The new central London headquarters of the property company CBRE could easily be mistaken for a hotel, given its open lounges with comfy seating, potted plants, coffee and tech bars and library.
In the post-pandemic property world, phrases such as “hotelification” and “earning the commute” have become commonplace among executives trying to lure back workers used to working from home.
Many bosses accept hybrid working is here to stay. Some smaller businesses have abandoned permanent offices altogether.
But with higher borrowing costs, weaker levels of economic growth, and fewer people working in offices in town and city centres after the pandemic, investors fear a perfect storm is brewing in the property sector.

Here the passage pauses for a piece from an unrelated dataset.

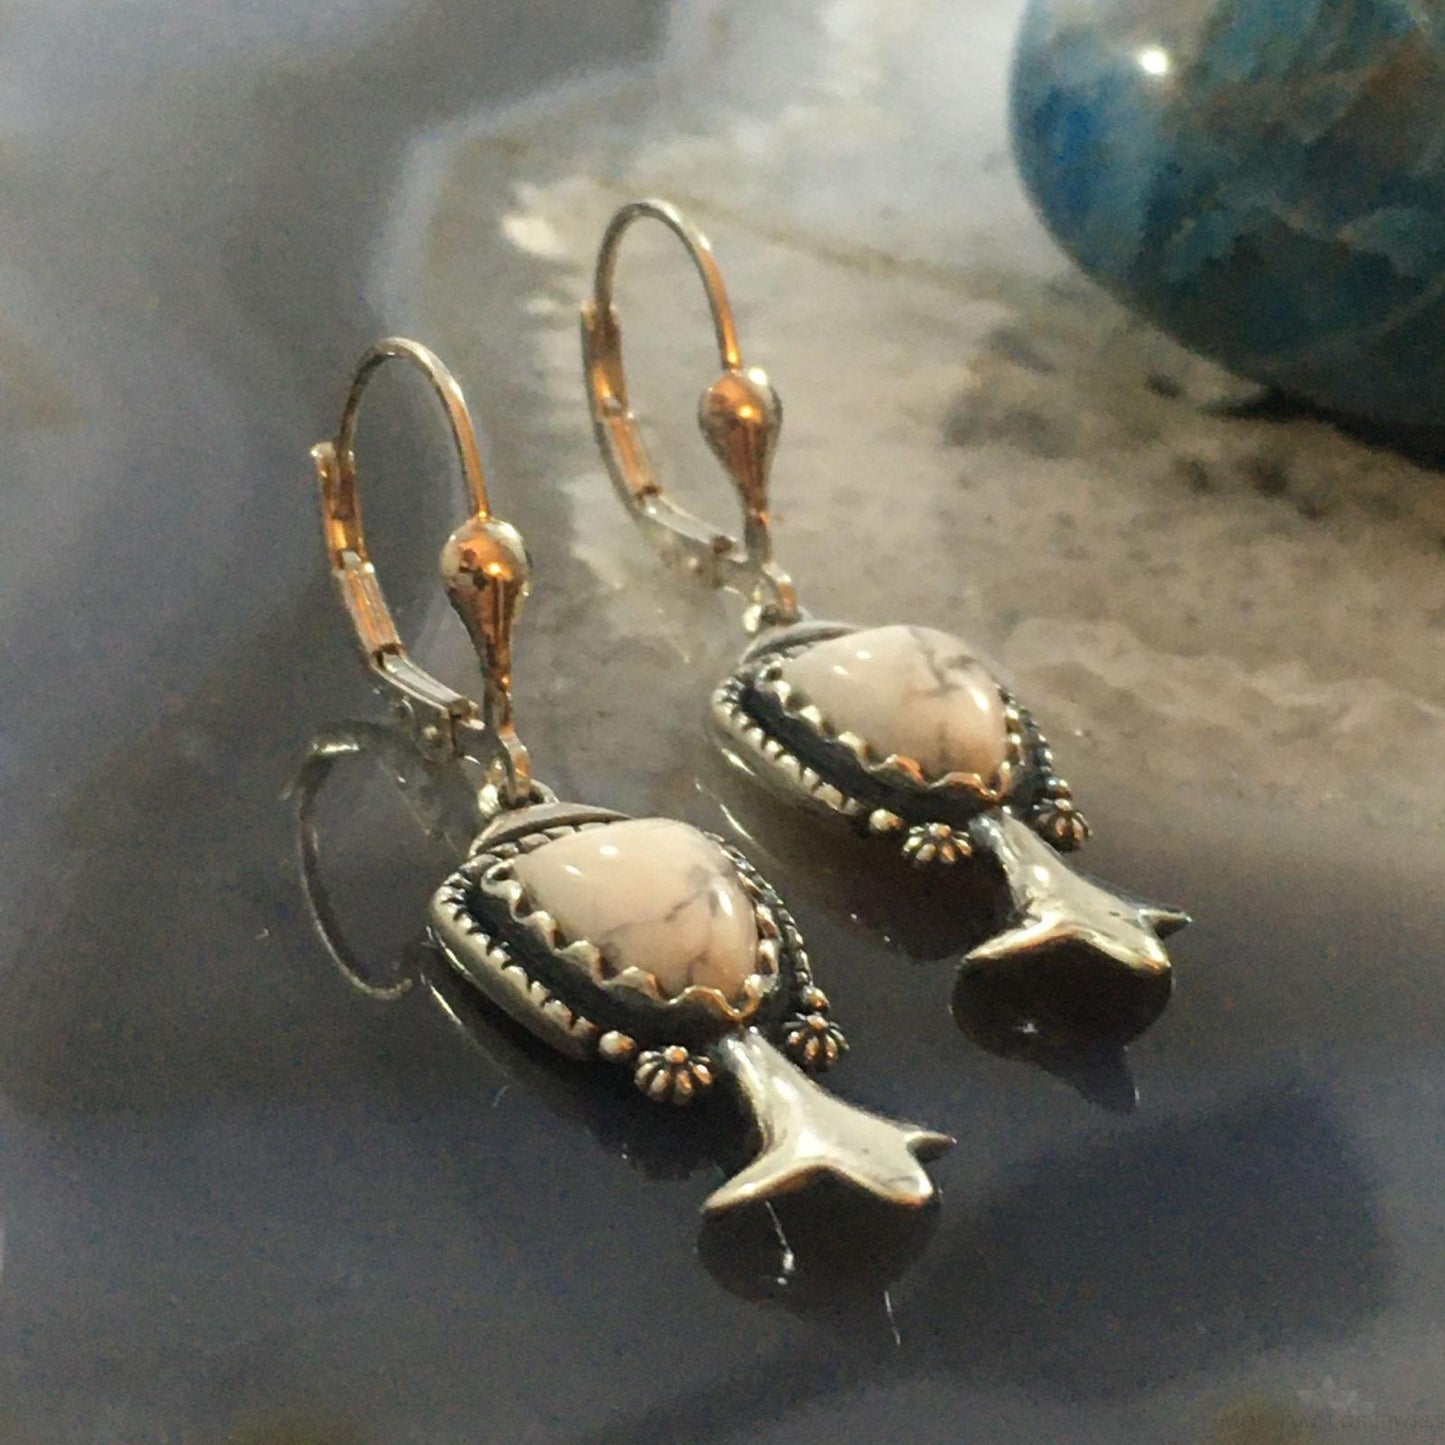 Carolyn Pollack Southwestern Style Sterling Silver Howlite Dangle Earrings For Women

After the collapse of Silicon Valley Bank, the largest banking failure since 2008, and the UBS rescue of Credit Suisse, some City investors are worried the next phase of the crisis could pile pressure on the commercial property market– worth $20tn (£16tn) globally – if banks rein in their lending to the industry.
Last week, the Bank of England increased the base rate for the 11th time in a row to 4.25% as it tries to tame stubbornly high inflation, while the US Federal Reserve raised rates a quarter percentage point to a range of 4.75% to 5%, the highest since 2007. A week earlier, the European Central Bank raised its deposit rate by half a percentage point to 3%.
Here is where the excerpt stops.